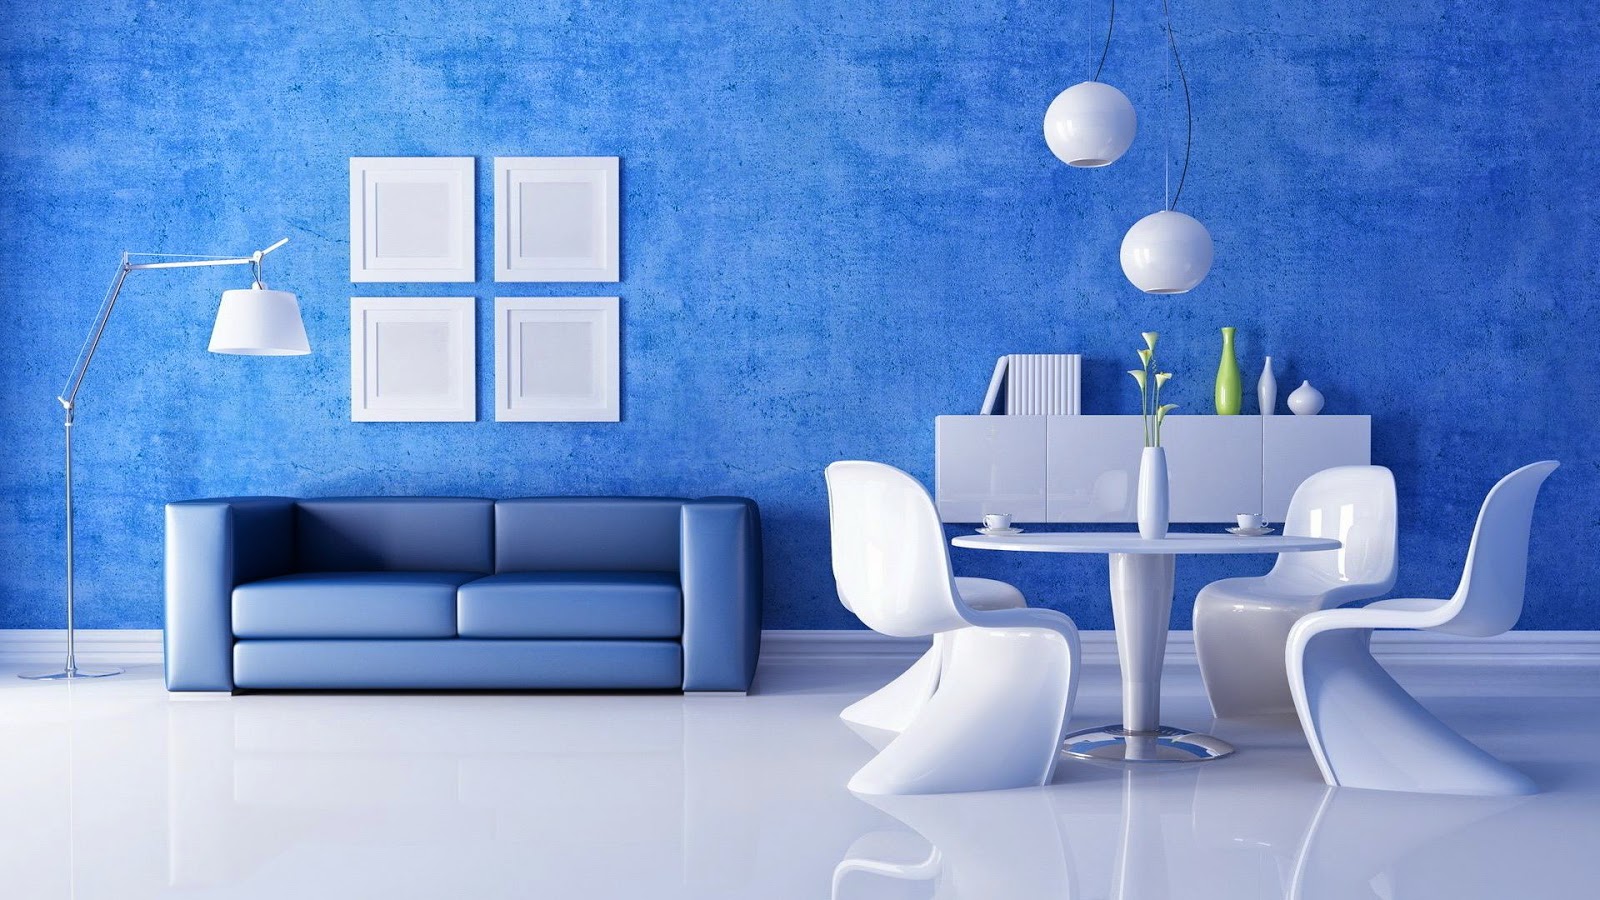 壁紙dinding kamar tidur romantis,青い,リビングルーム,ルーム,製品,インテリア・デザイン
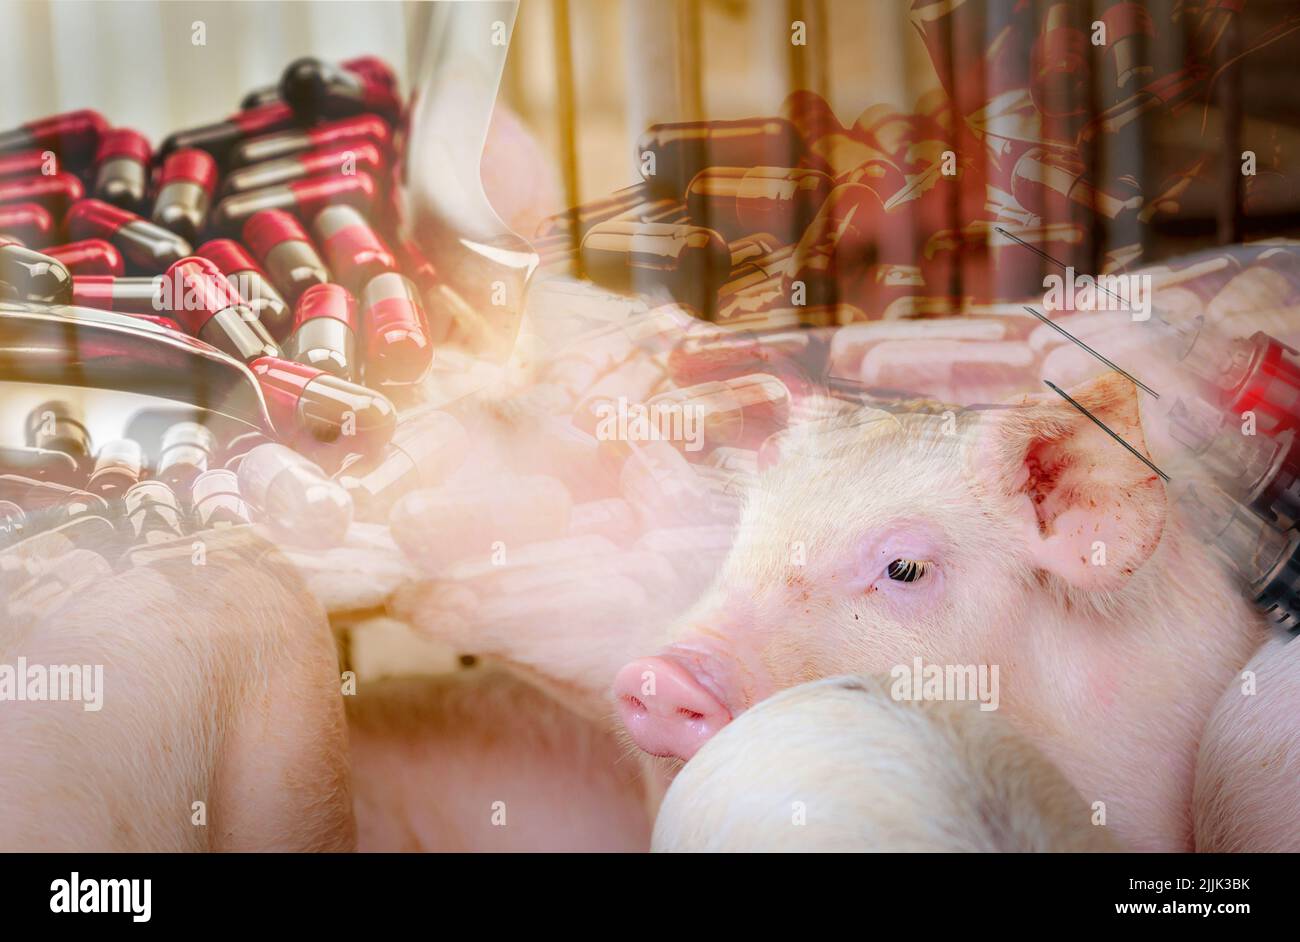 Cerdo en granja y cápsulas antibióticas y aguja y jeringa de vacuna para animales. Ganadería. Industria de la carne de cerdo. Cerdo sano y lindo. Foto de stock
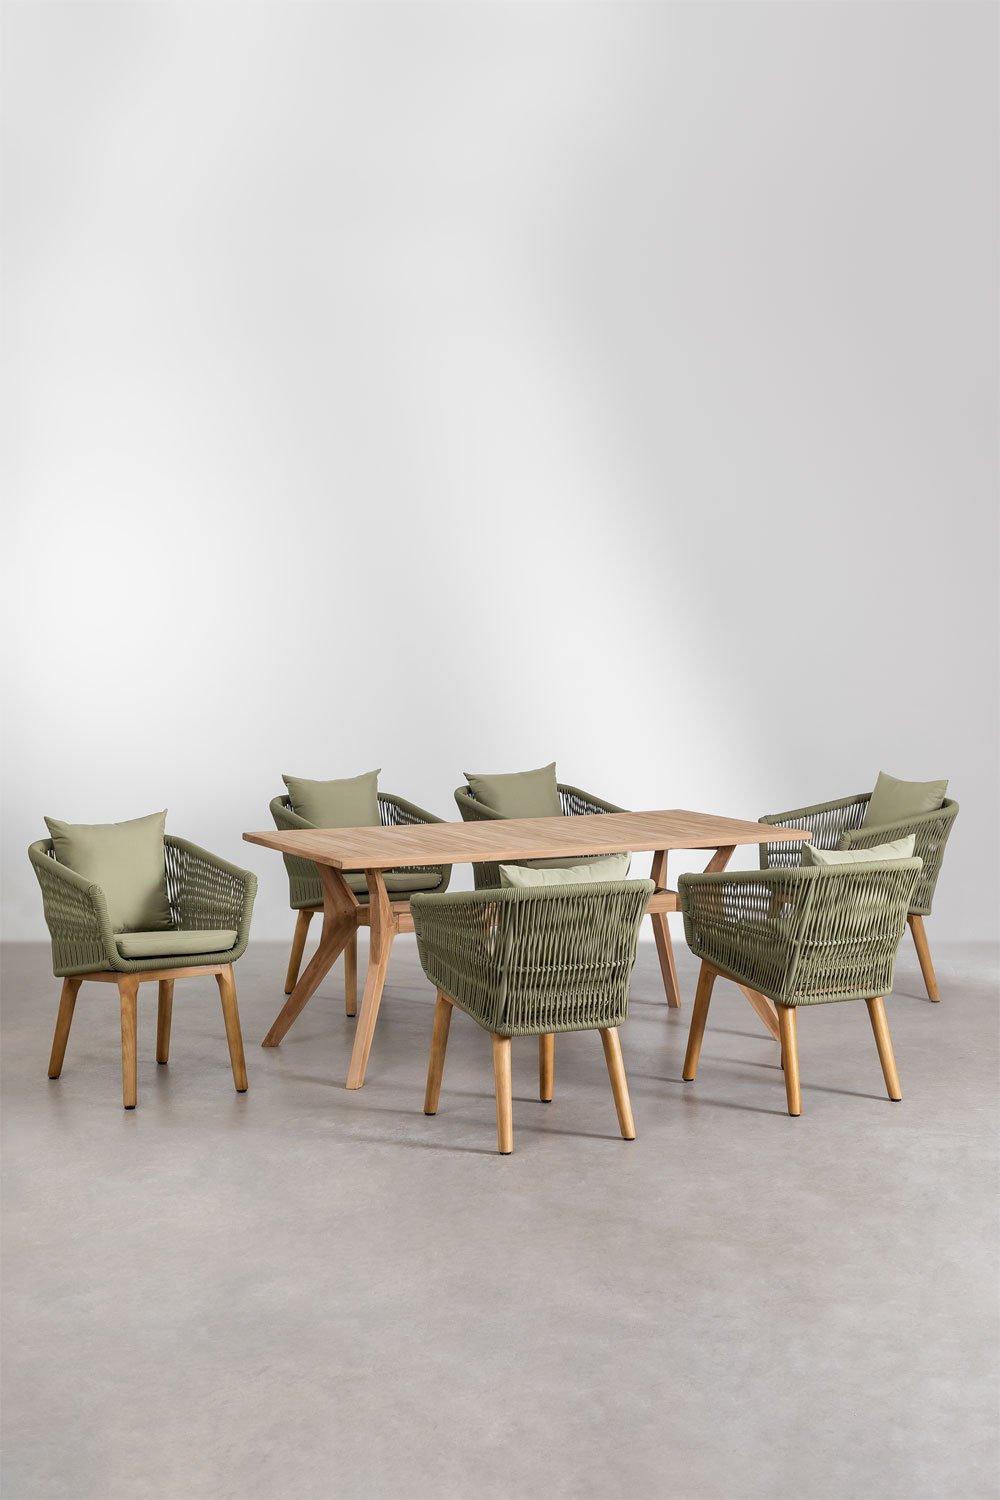 Yolen rechthoekige teakhouten tafelset (180x90 cm) en 6 Barker eetkamerstoelen, galerij beeld 1
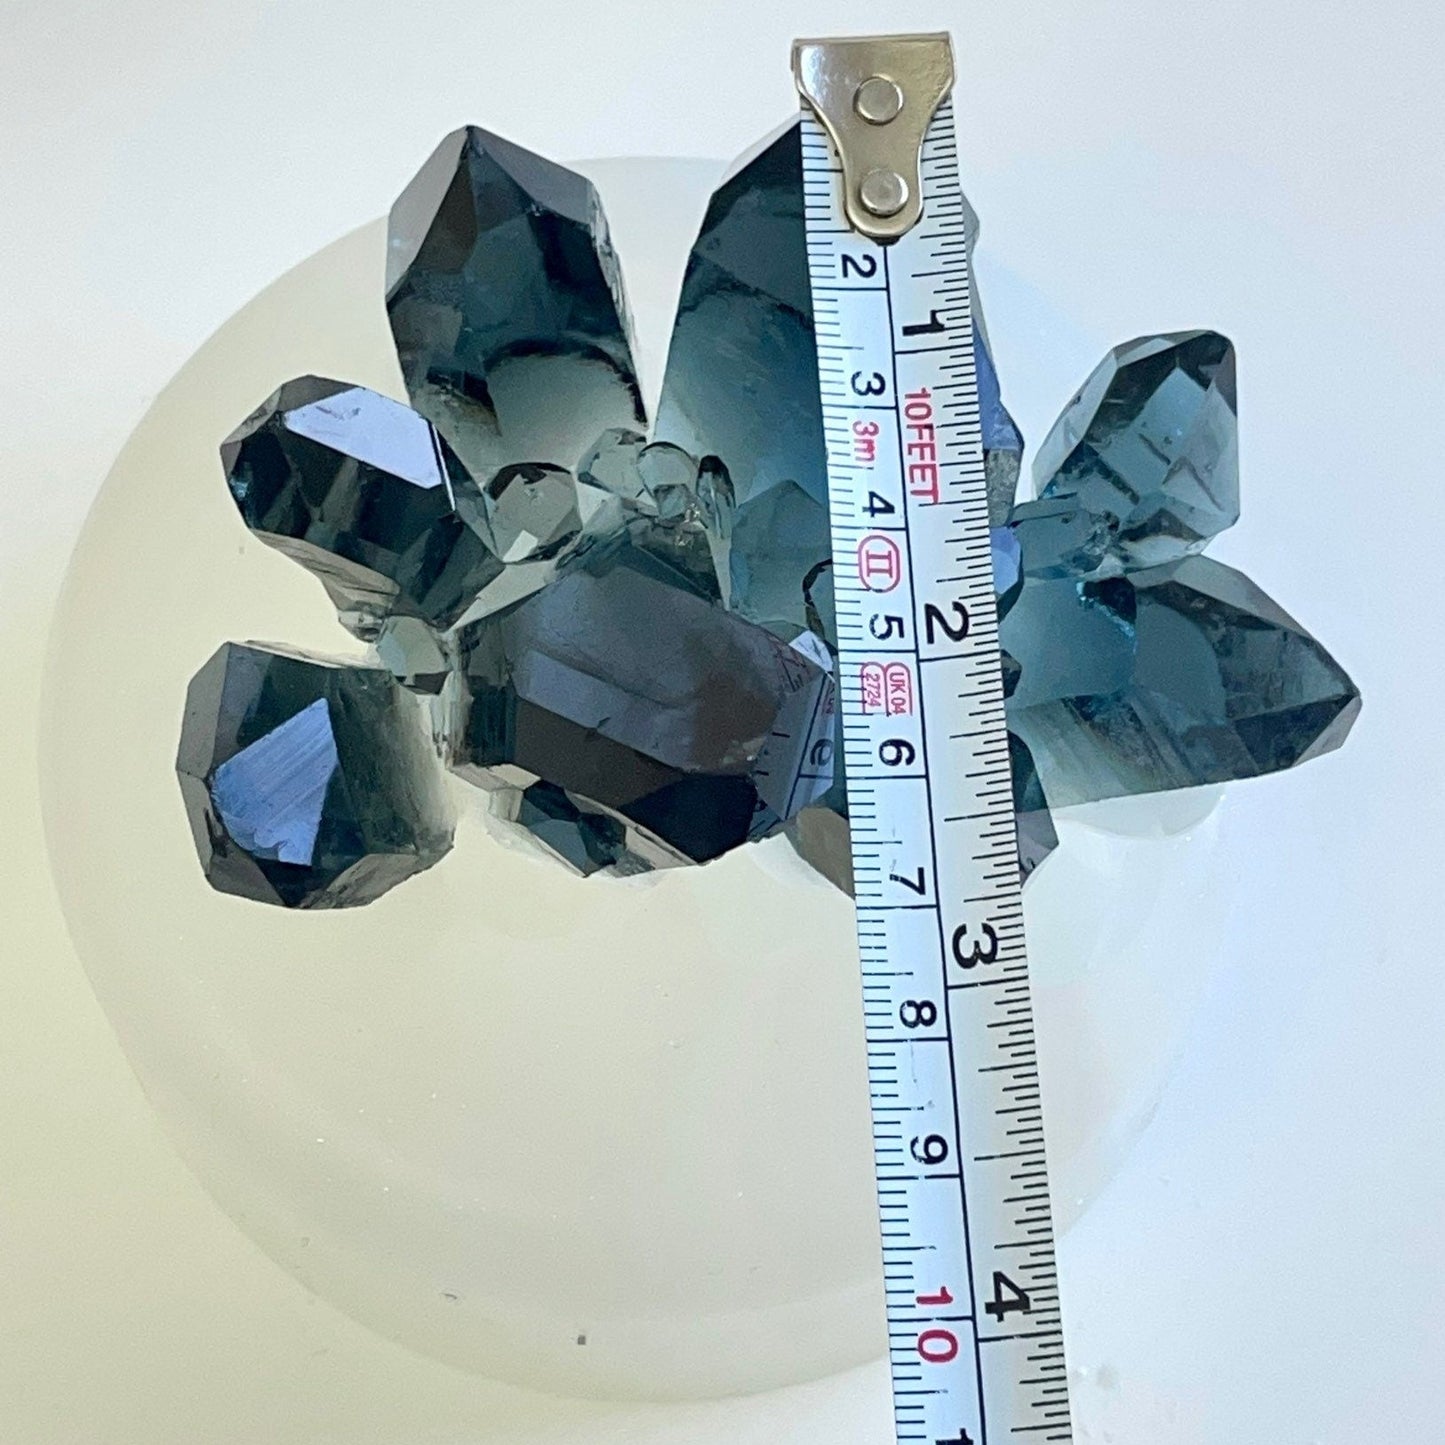 Luxuriöse Kristallcluster-Silikonform: Große Geode-Harzstein-Drusenform

**Your objective**
With pictures excluded, copy exactly the lines from the line containing "Cerdo en granja" through the last line of the listing above, both ends included.

**Solved problem**
 Cerdo en granja y cápsulas antibióticas y aguja y jeringa de vacuna para animales. Ganadería. Industria de la carne de cerdo. Cerdo sano y lindo. Foto de stock
 Yolen rechthoekige teakhouten tafelset (180x90 cm) en 6 Barker eetkamerstoelen, galerij beeld 1
 Luxuriöse Kristallcluster-Silikonform: Große Geode-Harzstein-Drusenform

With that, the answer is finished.